- [AIM OF THE EXERCISE]: Retype, word for word, only the lines from the one containing "INDJIJA, Serbien - 20." through the last line of the listing below. Pictures do not belong in the result.

- [SUPPLIED MATERIAL]:
•••
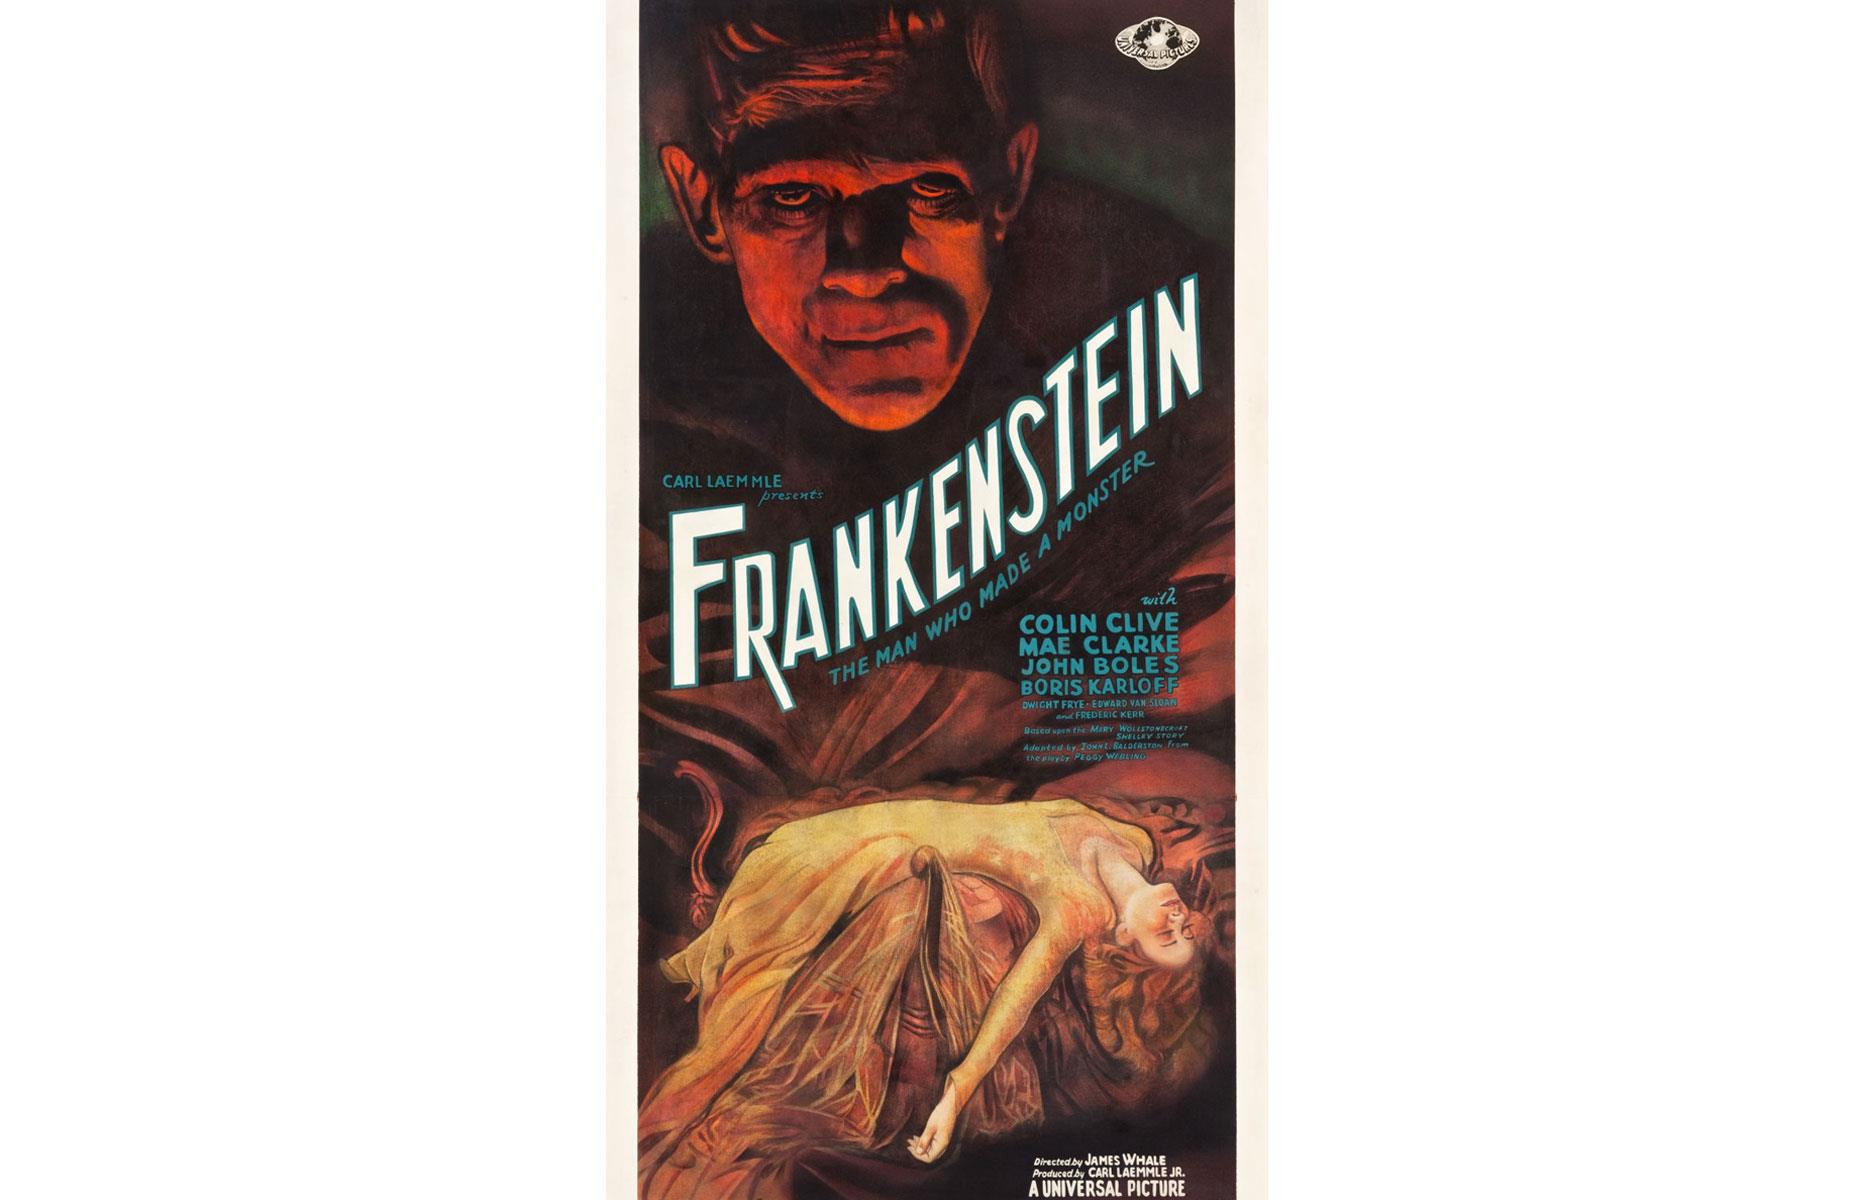 Original Frankenstein 1931 movie poster: $358,500 (£232k)
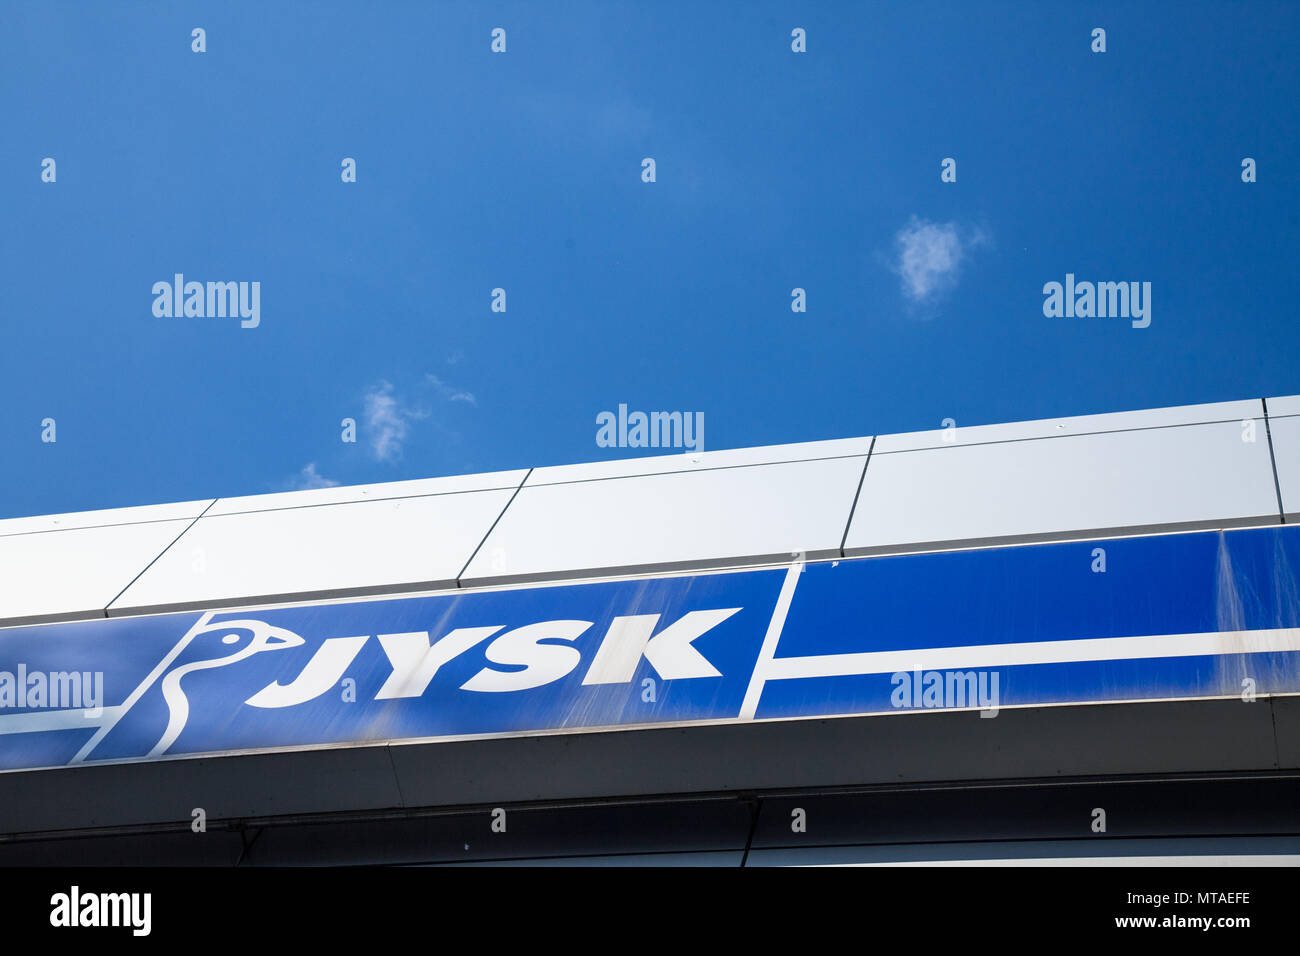 INDJIJA, Serbien - 20. MAI 2018: jysk-Logo auf Ihren lokalen Shop in Indjija. Jysk ist ein dänischer Einzelhandelskette, Verkauf von Haushaltswaren Bild eines Jysk Si Stockfoto
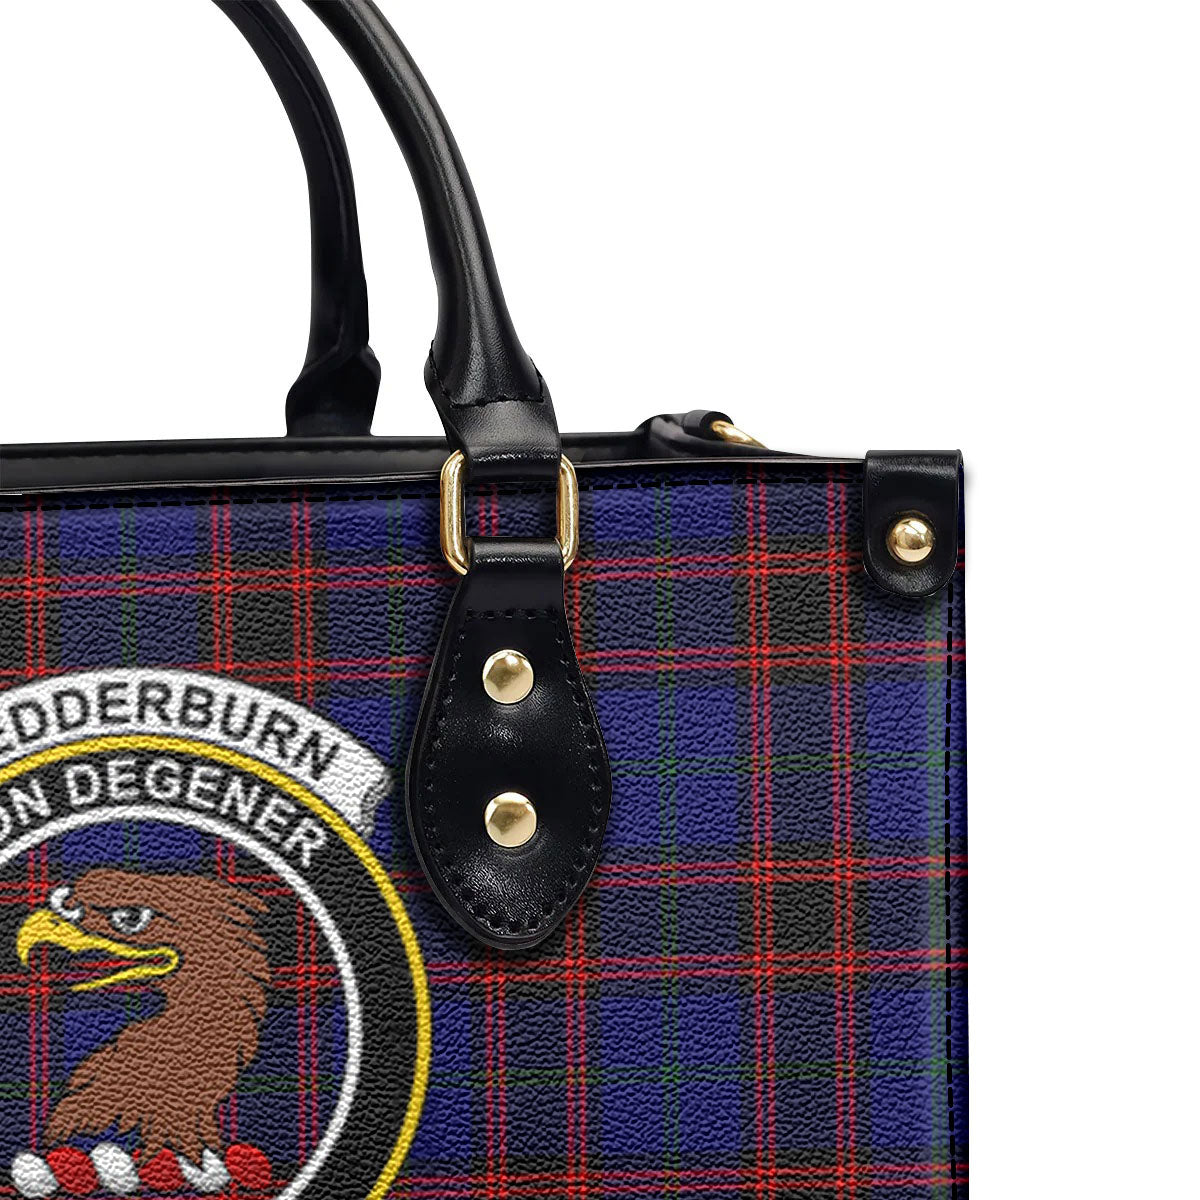 Wedderburn Tartan Crest Leather Handbag
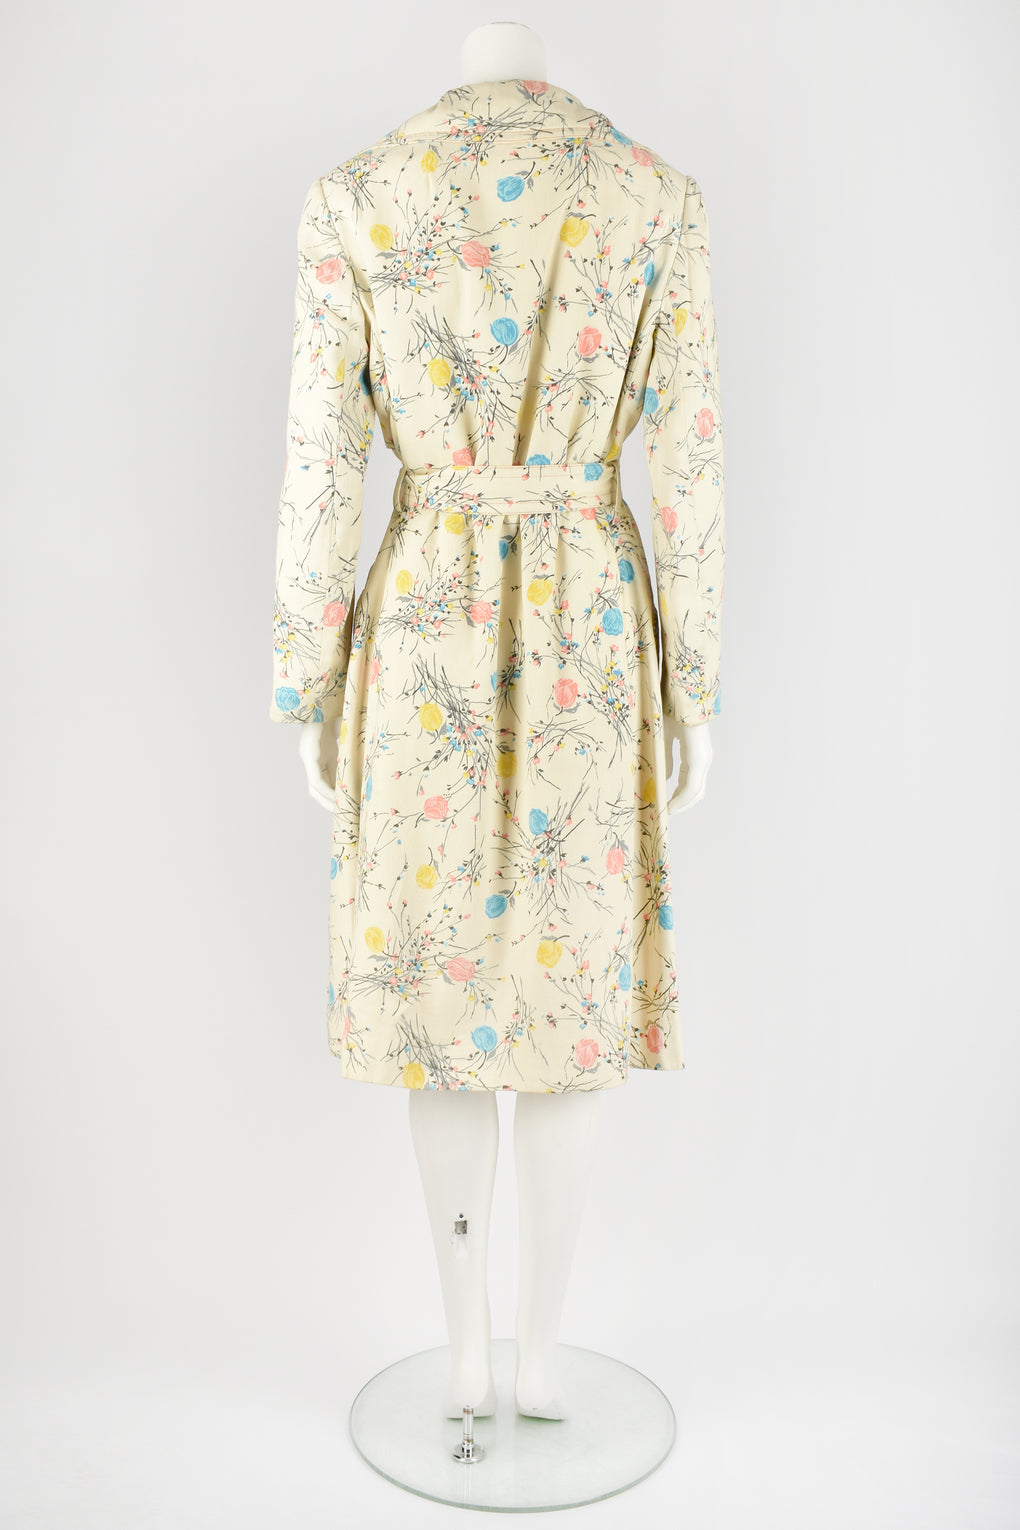 DONALD BROOKS 60s floral raincoat L
•••
- [RESULT FOR THIS EXERCISE]:
 INDJIJA, Serbien - 20. MAI 2018: jysk-Logo auf Ihren lokalen Shop in Indjija. Jysk ist ein dänischer Einzelhandelskette, Verkauf von Haushaltswaren Bild eines Jysk Si Stockfoto
 Wedderburn Tartan Crest Leather Handbag
 DONALD BROOKS 60s floral raincoat L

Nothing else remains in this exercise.